Top of Source material

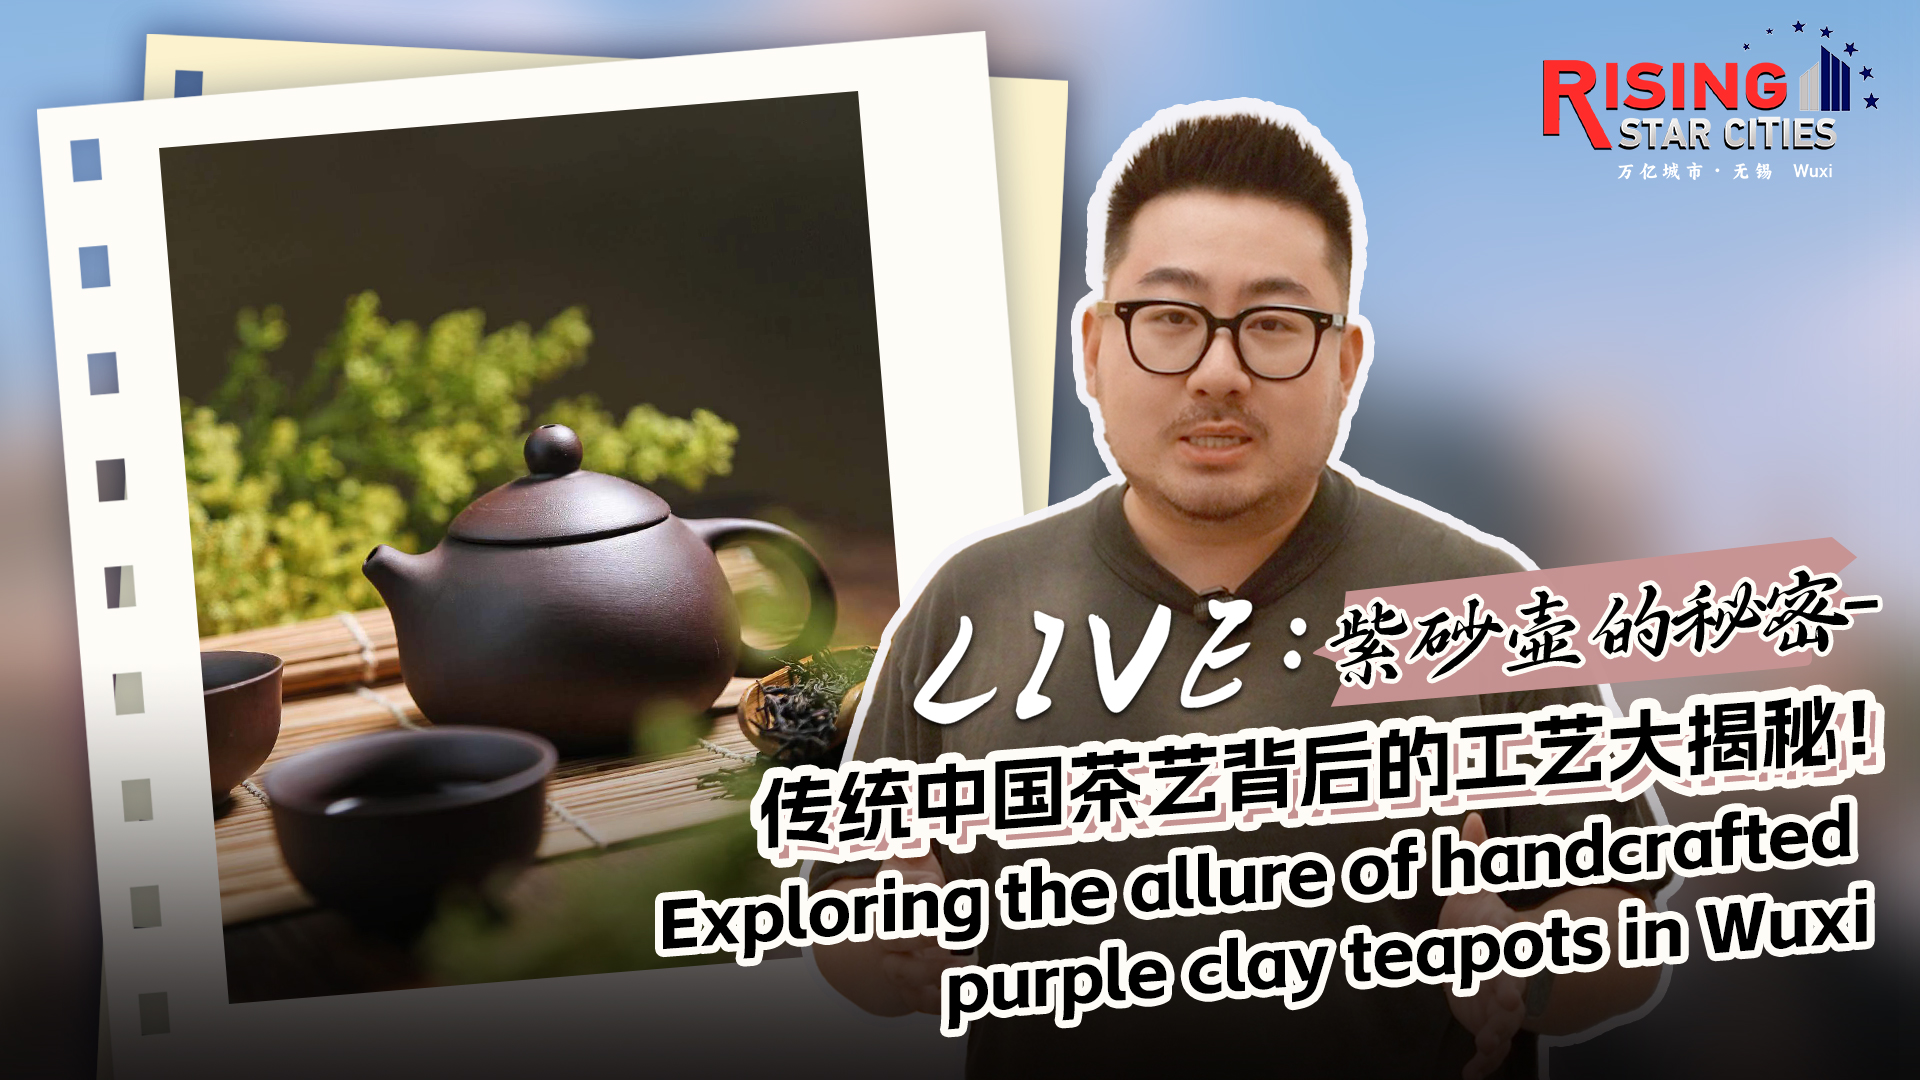 Live: Exploring the allure of handcrafted purple clay teapots in Wuxi
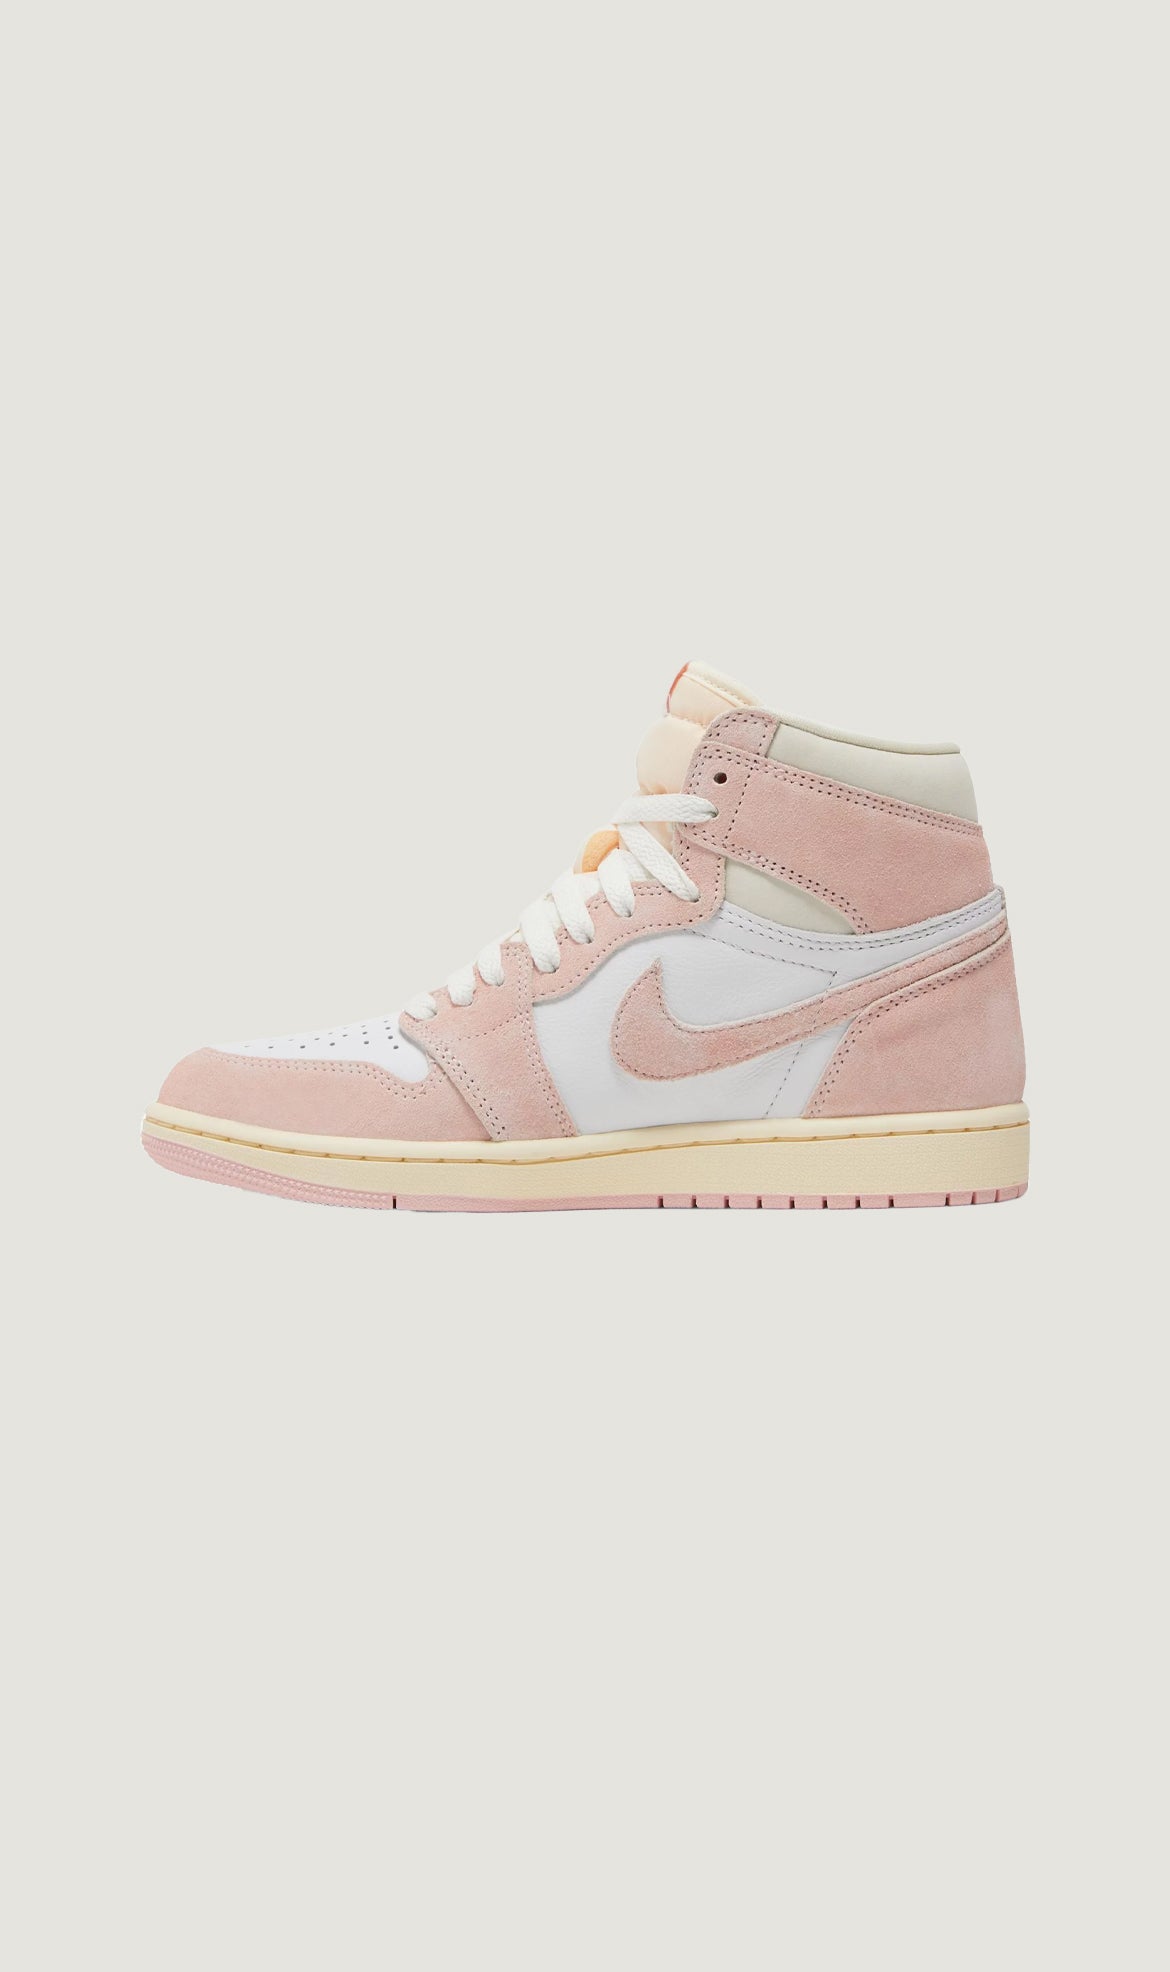 Load image into Gallery viewer, WMNS AIR JORDAN 1 RETRO HIGH OG - WASHED PINK
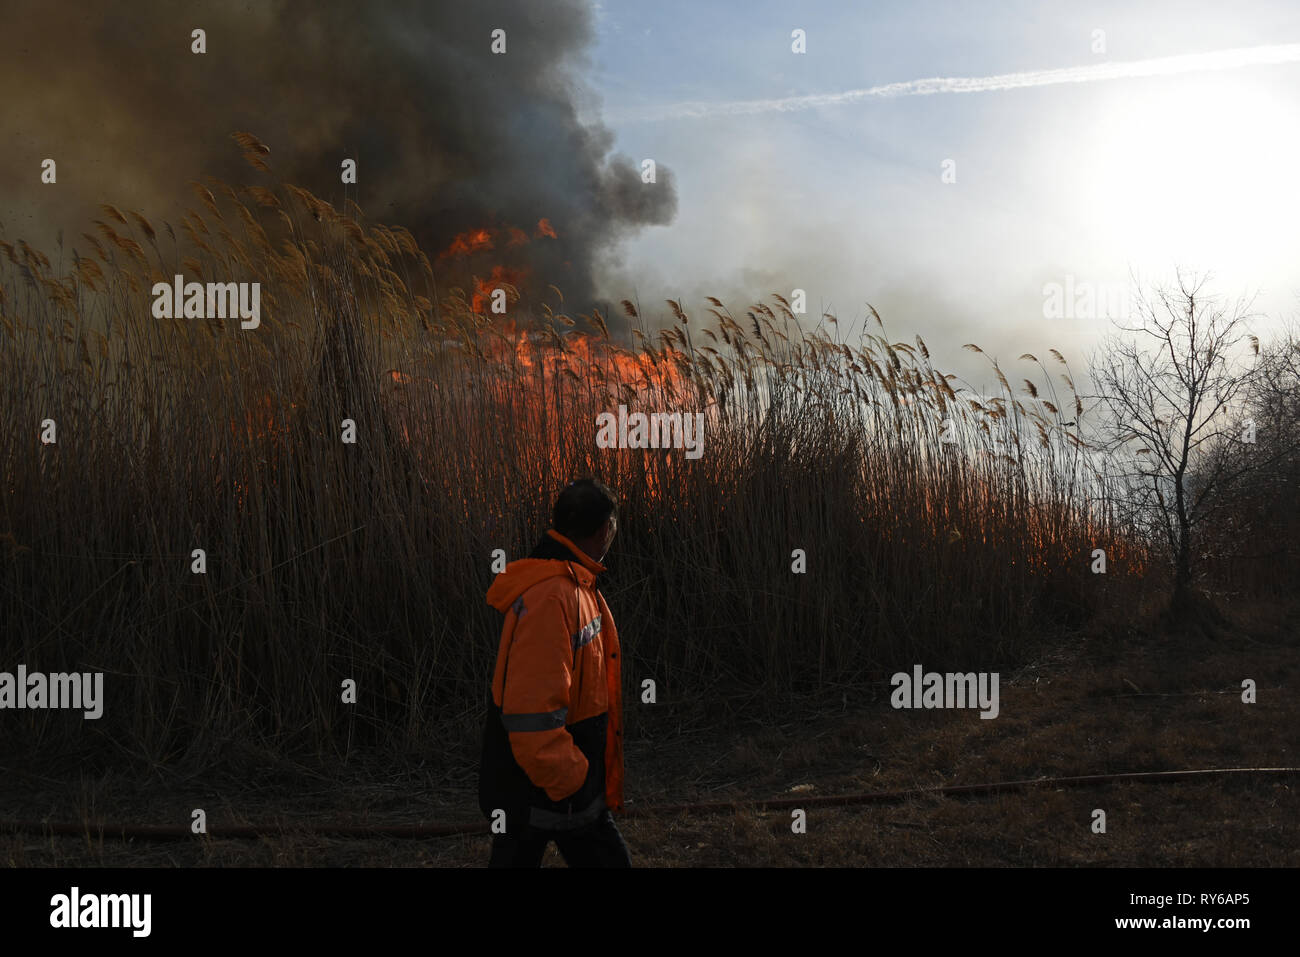 Astrakhan, Russia. 12th March, 2019.  Extinguishing of the steppe fire in Astrakhan, Russia. Every spring there are fires in the steppe area of Astrakhan region. Most of them is a result of focused burnings by unknown persons. Credit: Maxim Korotchenko/Alamy Live News. Stock Photo

Bottom of Source material

= What you should do =
Output nothing but an exact retyping of the material, pictures excluded.

= Answer space =
 Live: Exploring the allure of handcrafted purple clay teapots in Wuxi
 Load image into Gallery viewer, WMNS AIR JORDAN 1 RETRO HIGH OG - WASHED PINK
 Astrakhan, Russia. 12th March, 2019.  Extinguishing of the steppe fire in Astrakhan, Russia. Every spring there are fires in the steppe area of Astrakhan region. Most of them is a result of focused burnings by unknown persons. Credit: Maxim Korotchenko/Alamy Live News. Stock Photo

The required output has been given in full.